Going into this Final Four, there was great wailing and gnashing of teeth among the sports media bemoaning the fact that not one but two "mid-major" teams (i.e., college sports' hoi polloi) not only made it to the semifinal round, but also were matched against each other, guaranteeing one of them a spot in the finals and a real shot at an improbable title. Basketball's power brokers don't mind if the common folk scrub themselves up and sit quietly in the corners at the party, but when it comes to the Big Money portion of the Big Dance, they want to see basketball's bluebloods strutting their stuff. To basketball's self-appointed guardians, a mid-major upstart is a nice little storyline, but an actual mid-major champion would make a farce of such a serious event.
The interesting thing is that many of the same pundits who decry the increasingly common mid-major run deep in the Big Dance also openly advocate for increasing the number of teams allowed in the tournament, on the premise that a field of 68 somehow shuts out a "deserving" team. At first blush, VCU's run this season from one of the last two at-large teams into the field to a Final Four slot with a real shot at the title would seem to vindicate the concept of expanding the field. But what tournament expansion advocates really want is more slots to fill with teams from traditional power conferences. Power conferences (and their schools' alumni, administrators, and coaches) crave the added revenue (and job security) which attach to making it to the Big Dance, compounded nicely if several conference teams make deep runs.
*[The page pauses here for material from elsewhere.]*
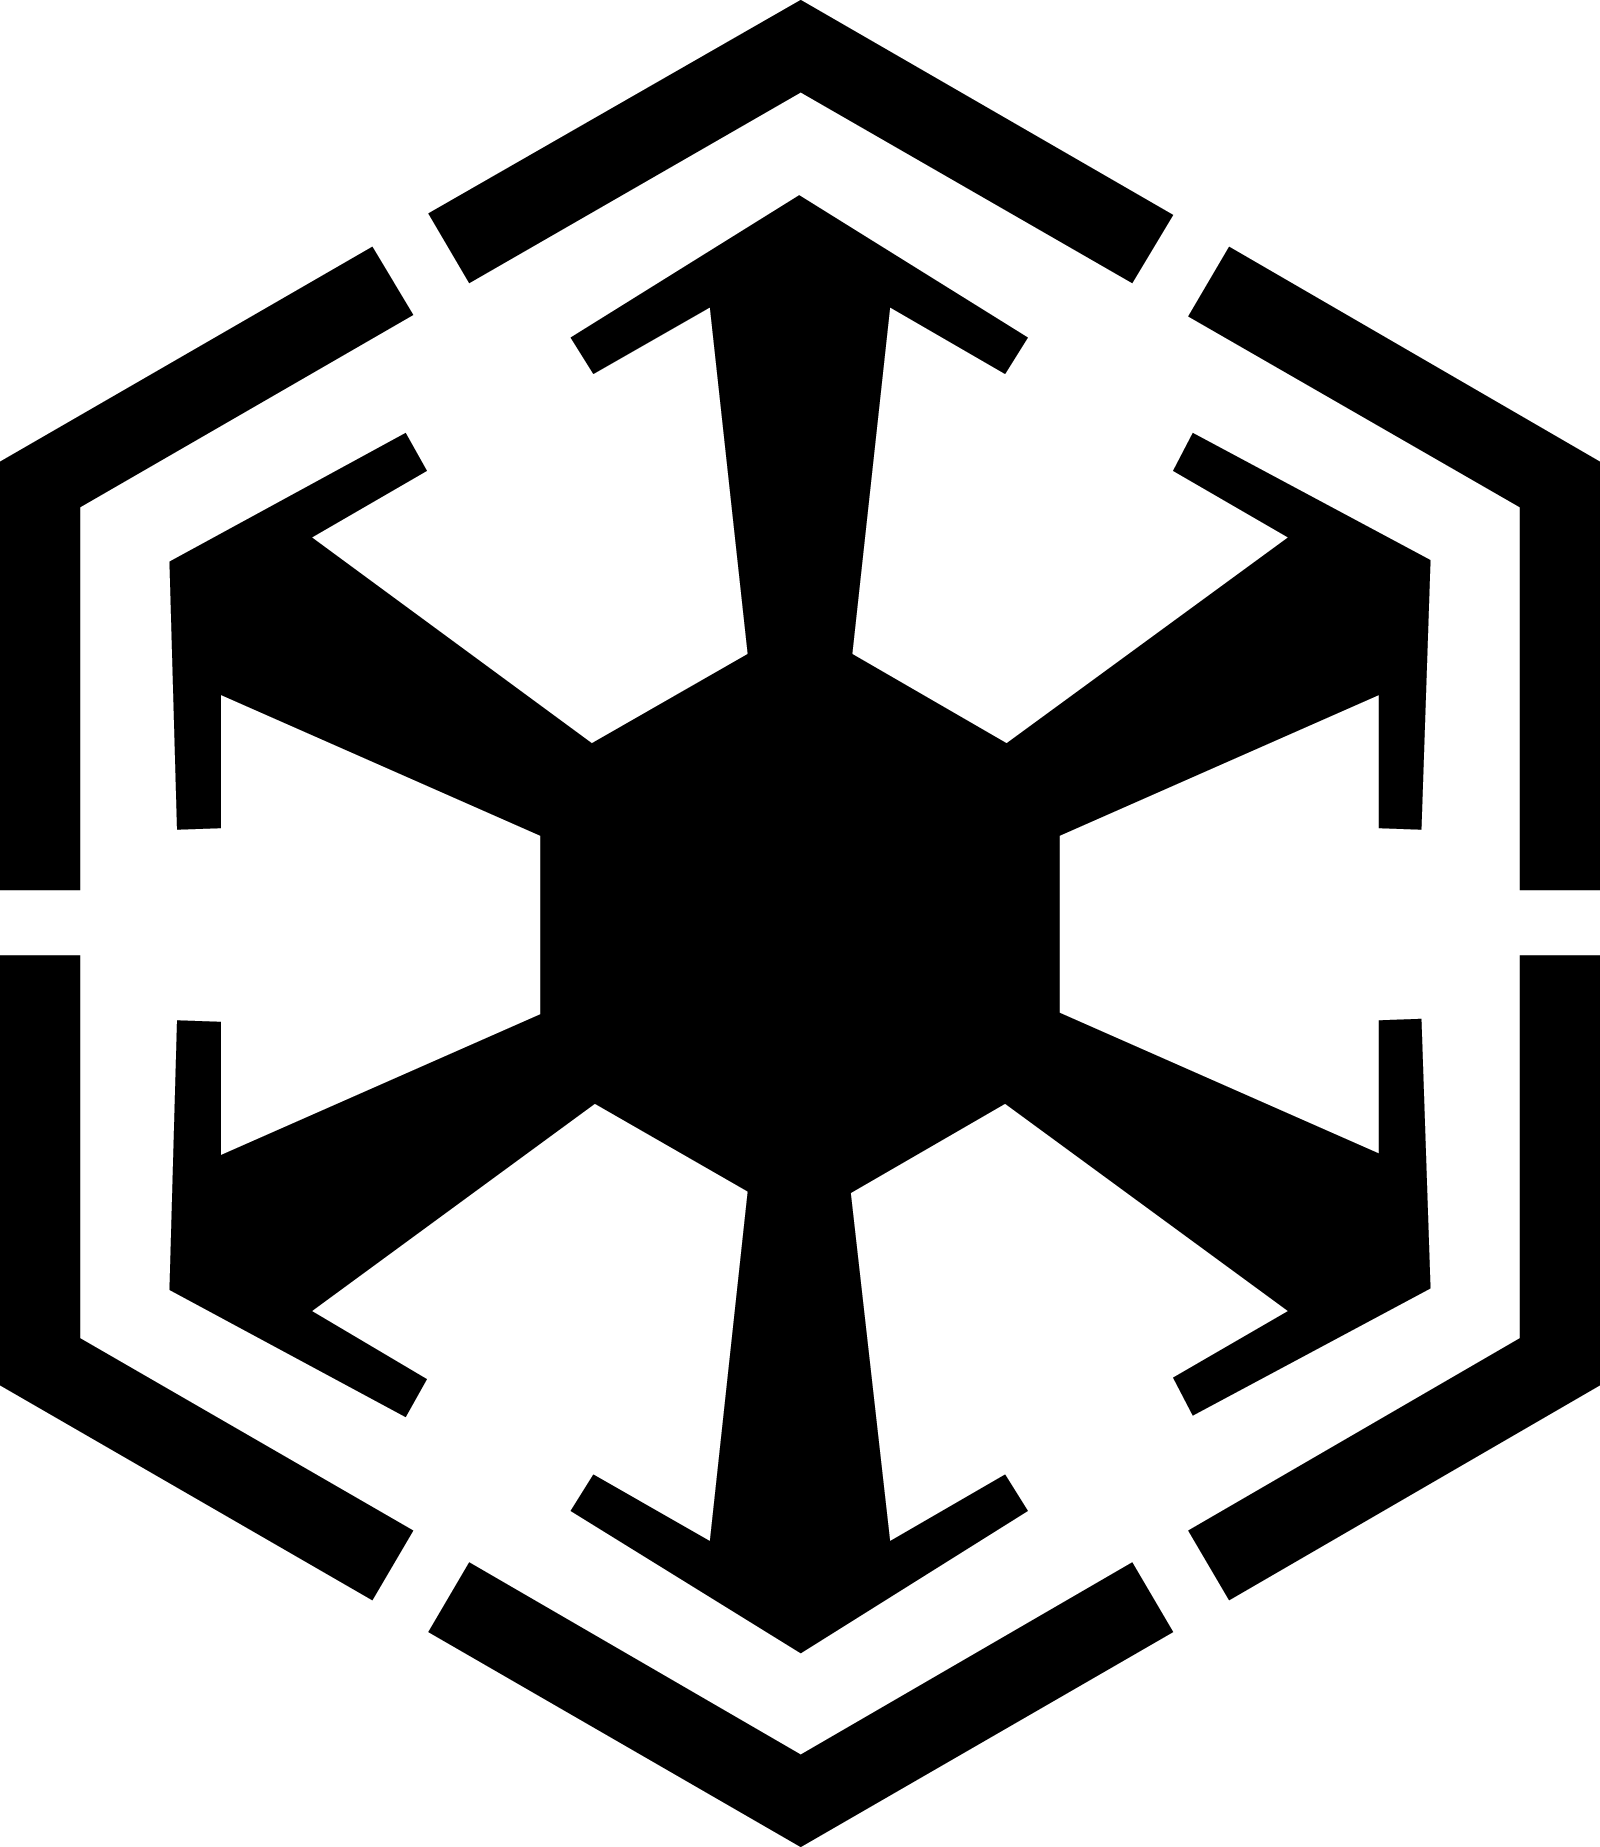 1600x1847 19 Vector Emblem Star Wars Huge Freebie! Download For Powerpoint

Let's be clear about one point, however. Expanding the tournament field is not about identifying the "best" team as a national champion. Letting another 28 teams qualify for the field means adding another 28 mediocre teams that had rather, well, mediocre regular season results. For example, a team that went .500 in its own conference can't possibly be considered an elite team worthy of being called "champion", but somehow it's a travesty to many in the media that such teams usually fail to make the tournament. Imagine the horror if such a laughingstock entry actually combined some beneficial matchups with some fortuitous chaos from upsets of the true powerhouse teams and made an improbable six game championship run. Well, I suppose if that team were a basketball blueblood like UConn, then the media might politely overlook the anemic regular season performance while applauding the team's tournament championship. But heaven forbid a team like VCU or George Mason might actually sneak into the tournament and then get a little hot and a little lucky on a run to the title.
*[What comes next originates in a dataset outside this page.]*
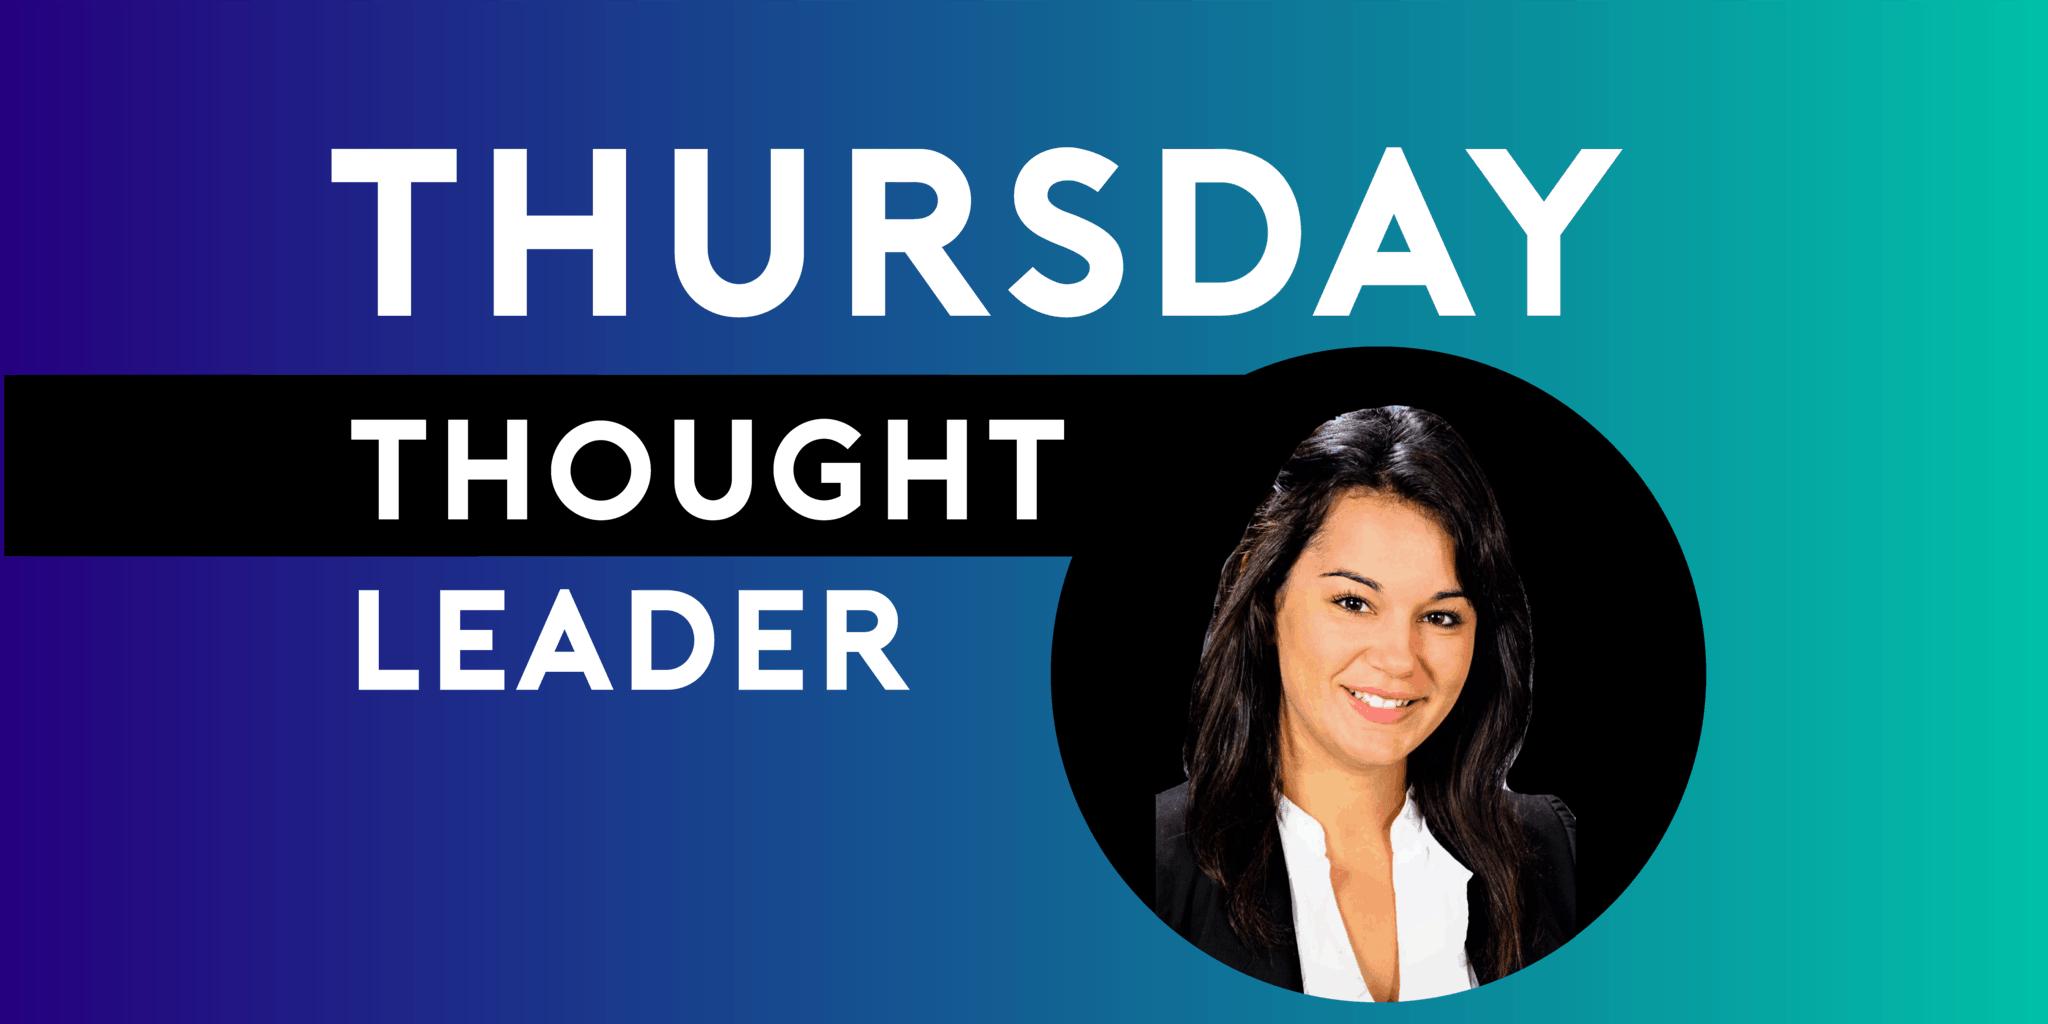 Aisha Monem Draznik of Cintas is this week's LegalNet Inc Thursday Thought Leader

What college basketball pundits fail to recognize is an obvious fact of life in the world of poker: Expanded fields dilute the chances for the truly elite players or teams to win. It's no coincidence that John Wooden's marvelous run of 10 NCAA basketball titles in 12 seasons at UCLA occurred prior to 1975. Prior to 1975, only conference champions made the field, keeping strong second-best teams from strong conferences out of the tournament. Also in 1975, the field size expanded to 32 teams; UCLA was essentially seeded into the Sweet Sixteen round every season it won a title under Wooden.
UCLA's dominance in the pre-expansion tournament is analogous to the WSOP. In its early days, the fields for the WSOP were dominated by elite players, and elite players--Amarillo Slim, Doyle Brunson, Stu Ungar, Johnny Chan, and yes, Phil Hellmuth--were consistently in the running for the title, with the occasional Robert Varkonyi sneaking in. But with the "Moneymaker boom" in 2003, field sizes increased dramatically, and the number of elite pros making deep runs has dwindled markedly. As many in the poker world have noted, with deep fields comes greatly increased variance, and the elite players are more vulnerable to elimination by a no-name, less-talented player on a hot run. Goodbye Phil Ivey. Hello Jamie Gold, Jerry Yang, Darvin Moon, and Steve Dannenman--the mid-majors of the poker world.
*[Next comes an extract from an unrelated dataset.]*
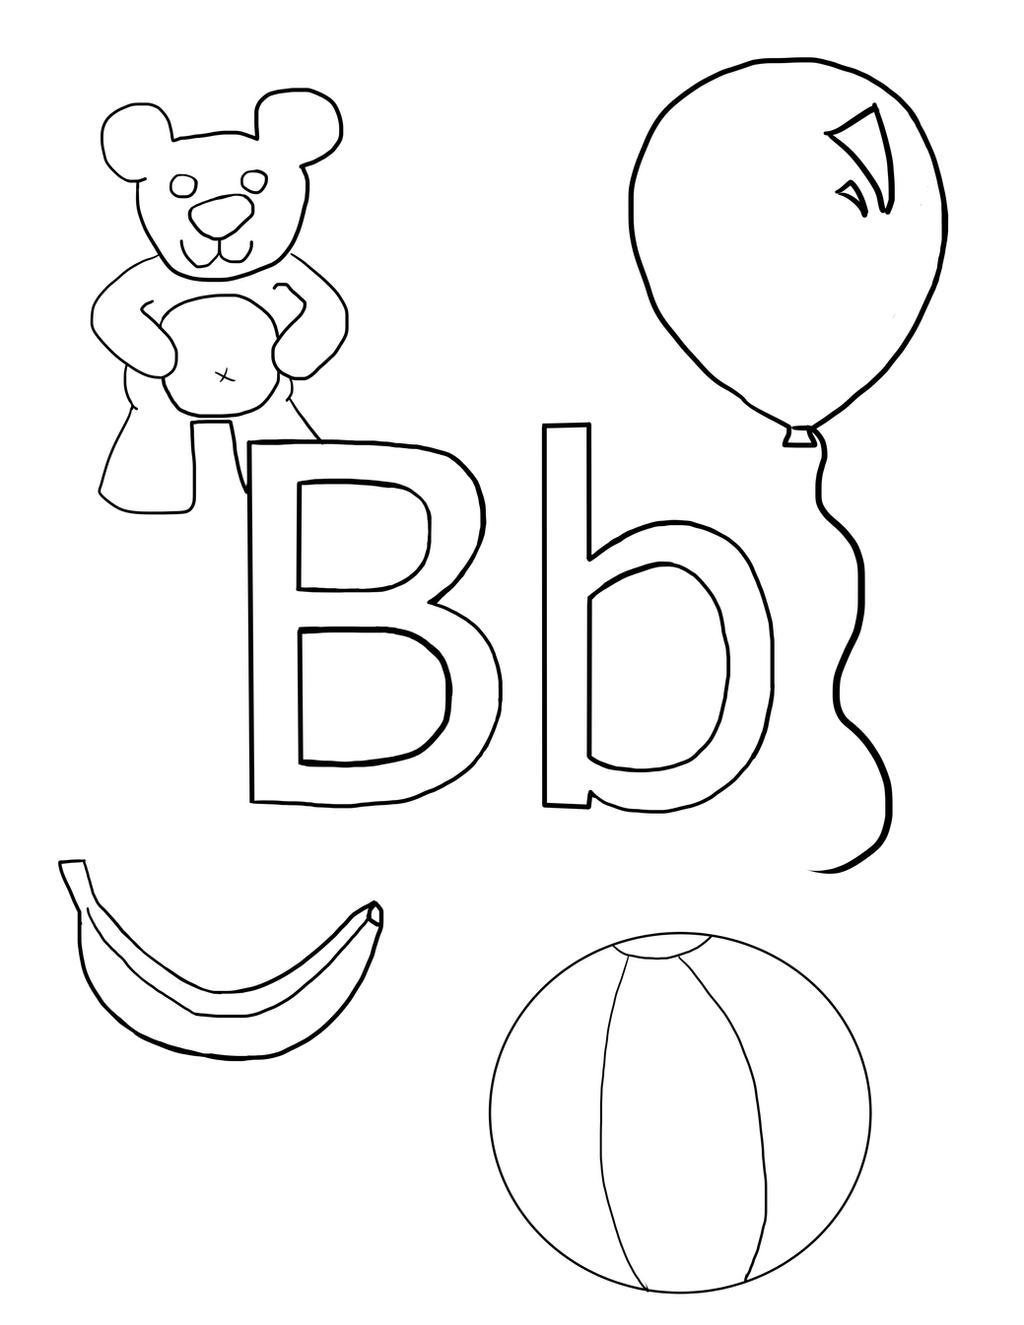 Letter B Coloring Sheet By AudioBot11 On DeviantArt

A tournament champion--whether poker or basketball--is not about identifying the best player or team*; a tournament champion is the player or team which has the right combination of skill and good fortune at the right time. If you want the "national champion" to be guaranteed to be a truly "deserving" team, then the right solution is to limit the participants in the tournament to a very few of the very elite. If college basketball wants to avoid an "undeserving" mid-major champion, the best solution is contraction of the tournament field. In other words, college basketball needs to scrap the Big Dance and start a Basketball BCS.
Until then, I'm going to keep rooting for the mid-majors.
* Head to head combat, with the current champion taking on challengers, is the only clear cut method to determine a "champion" who is also "best". Which means that I am the three-time belt-winning champion of Words With Friends versus "Real Dawn Summers" of Clareified fame. How 'bout them apples?!?